▶ _The records_:
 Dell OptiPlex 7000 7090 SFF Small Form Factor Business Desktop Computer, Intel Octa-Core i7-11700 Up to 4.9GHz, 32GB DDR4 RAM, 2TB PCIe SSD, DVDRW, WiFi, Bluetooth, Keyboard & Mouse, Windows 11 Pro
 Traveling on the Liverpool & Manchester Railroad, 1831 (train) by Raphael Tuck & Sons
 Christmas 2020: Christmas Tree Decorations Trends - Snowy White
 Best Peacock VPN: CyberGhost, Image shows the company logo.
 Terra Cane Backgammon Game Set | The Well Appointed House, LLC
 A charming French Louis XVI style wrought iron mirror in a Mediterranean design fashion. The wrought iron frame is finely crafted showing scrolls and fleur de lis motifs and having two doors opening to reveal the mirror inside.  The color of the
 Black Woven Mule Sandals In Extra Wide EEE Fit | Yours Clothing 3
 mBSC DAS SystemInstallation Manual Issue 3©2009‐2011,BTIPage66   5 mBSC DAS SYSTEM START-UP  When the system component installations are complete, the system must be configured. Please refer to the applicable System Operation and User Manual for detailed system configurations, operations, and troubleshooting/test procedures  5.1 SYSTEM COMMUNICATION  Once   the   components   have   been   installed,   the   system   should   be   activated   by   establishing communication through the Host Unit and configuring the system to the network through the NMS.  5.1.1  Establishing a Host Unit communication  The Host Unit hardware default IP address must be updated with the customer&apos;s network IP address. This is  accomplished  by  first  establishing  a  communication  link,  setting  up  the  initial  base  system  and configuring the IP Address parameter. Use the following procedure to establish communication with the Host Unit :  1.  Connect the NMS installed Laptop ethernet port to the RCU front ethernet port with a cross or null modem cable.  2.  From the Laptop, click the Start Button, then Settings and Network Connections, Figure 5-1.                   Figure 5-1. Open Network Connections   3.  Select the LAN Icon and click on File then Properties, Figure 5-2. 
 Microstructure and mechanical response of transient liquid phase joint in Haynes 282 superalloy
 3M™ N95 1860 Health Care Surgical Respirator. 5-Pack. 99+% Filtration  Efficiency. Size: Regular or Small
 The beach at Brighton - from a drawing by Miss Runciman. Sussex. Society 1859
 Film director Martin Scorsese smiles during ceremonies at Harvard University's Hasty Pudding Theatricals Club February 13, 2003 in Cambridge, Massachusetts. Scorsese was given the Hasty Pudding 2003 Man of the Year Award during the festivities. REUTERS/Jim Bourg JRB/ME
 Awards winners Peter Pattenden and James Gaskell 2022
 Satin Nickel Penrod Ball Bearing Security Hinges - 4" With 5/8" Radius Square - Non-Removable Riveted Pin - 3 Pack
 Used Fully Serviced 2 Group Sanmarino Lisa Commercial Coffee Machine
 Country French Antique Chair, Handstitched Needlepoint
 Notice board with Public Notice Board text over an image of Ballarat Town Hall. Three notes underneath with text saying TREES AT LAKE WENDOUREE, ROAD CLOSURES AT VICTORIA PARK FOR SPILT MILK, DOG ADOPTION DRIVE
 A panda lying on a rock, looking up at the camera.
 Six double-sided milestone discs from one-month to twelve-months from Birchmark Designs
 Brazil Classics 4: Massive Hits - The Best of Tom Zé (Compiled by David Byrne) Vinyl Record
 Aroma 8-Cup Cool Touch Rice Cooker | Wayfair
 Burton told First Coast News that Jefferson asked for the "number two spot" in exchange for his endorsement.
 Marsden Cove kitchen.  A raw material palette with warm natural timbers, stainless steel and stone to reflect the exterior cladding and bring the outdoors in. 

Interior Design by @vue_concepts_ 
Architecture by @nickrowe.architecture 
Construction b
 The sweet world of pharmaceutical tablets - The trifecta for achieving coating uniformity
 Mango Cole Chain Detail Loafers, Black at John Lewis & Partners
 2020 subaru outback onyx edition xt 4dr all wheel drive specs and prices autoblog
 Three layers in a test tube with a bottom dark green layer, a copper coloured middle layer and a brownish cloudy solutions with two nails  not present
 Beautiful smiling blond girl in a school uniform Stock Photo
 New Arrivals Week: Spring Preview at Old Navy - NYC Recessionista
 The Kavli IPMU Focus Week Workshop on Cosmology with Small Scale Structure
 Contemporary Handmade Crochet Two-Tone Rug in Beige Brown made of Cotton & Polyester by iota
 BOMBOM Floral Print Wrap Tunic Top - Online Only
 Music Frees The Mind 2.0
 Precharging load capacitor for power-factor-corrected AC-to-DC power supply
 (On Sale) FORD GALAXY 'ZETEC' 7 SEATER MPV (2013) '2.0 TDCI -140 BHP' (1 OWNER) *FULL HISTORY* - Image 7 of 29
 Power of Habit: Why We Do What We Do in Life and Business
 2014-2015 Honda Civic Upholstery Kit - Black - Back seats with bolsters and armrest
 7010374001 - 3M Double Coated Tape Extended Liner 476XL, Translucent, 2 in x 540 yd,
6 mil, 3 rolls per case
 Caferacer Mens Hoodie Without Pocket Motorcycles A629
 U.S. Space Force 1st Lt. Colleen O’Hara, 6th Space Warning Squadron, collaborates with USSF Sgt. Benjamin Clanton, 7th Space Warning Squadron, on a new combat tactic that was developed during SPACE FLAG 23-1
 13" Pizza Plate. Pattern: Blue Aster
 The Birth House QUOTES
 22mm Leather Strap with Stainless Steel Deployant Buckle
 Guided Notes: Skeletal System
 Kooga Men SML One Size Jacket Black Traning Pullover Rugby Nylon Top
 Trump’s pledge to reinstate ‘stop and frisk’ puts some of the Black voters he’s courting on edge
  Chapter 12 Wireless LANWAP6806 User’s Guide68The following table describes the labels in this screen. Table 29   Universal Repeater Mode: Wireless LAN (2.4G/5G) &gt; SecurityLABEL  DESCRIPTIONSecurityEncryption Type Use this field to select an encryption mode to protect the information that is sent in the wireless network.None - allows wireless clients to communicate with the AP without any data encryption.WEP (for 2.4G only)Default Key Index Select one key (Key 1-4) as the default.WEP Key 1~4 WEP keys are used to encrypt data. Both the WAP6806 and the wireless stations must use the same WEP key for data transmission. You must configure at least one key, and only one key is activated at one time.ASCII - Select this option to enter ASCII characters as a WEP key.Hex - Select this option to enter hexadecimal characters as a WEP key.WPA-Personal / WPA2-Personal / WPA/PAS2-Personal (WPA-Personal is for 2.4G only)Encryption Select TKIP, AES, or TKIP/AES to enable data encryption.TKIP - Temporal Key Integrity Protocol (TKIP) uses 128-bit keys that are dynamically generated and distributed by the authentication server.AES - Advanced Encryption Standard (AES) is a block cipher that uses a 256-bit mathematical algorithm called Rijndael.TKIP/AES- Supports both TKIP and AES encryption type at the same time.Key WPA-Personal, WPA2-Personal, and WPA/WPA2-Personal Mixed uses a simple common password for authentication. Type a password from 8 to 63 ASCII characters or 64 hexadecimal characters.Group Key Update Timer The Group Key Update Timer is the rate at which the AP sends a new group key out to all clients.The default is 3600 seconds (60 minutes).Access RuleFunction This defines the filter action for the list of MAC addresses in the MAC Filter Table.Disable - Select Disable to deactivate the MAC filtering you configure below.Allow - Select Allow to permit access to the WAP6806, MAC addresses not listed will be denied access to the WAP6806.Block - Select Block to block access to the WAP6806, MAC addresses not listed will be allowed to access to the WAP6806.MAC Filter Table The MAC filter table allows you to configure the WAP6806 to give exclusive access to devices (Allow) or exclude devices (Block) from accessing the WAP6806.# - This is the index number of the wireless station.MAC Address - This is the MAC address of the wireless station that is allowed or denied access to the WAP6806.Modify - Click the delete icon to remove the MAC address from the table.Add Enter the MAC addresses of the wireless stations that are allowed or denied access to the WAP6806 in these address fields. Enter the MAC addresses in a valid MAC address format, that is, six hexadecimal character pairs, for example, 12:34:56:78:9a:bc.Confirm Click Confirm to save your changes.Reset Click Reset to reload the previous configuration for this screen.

▶ _The task_: All lines above from the one with "A panda lying" to the one with "Brazil Classics 4: Massive", inclusive, should be copied exactly, and no other lines.

▶ _Response_:
 A panda lying on a rock, looking up at the camera.
 Six double-sided milestone discs from one-month to twelve-months from Birchmark Designs
 Brazil Classics 4: Massive Hits - The Best of Tom Zé (Compiled by David Byrne) Vinyl Record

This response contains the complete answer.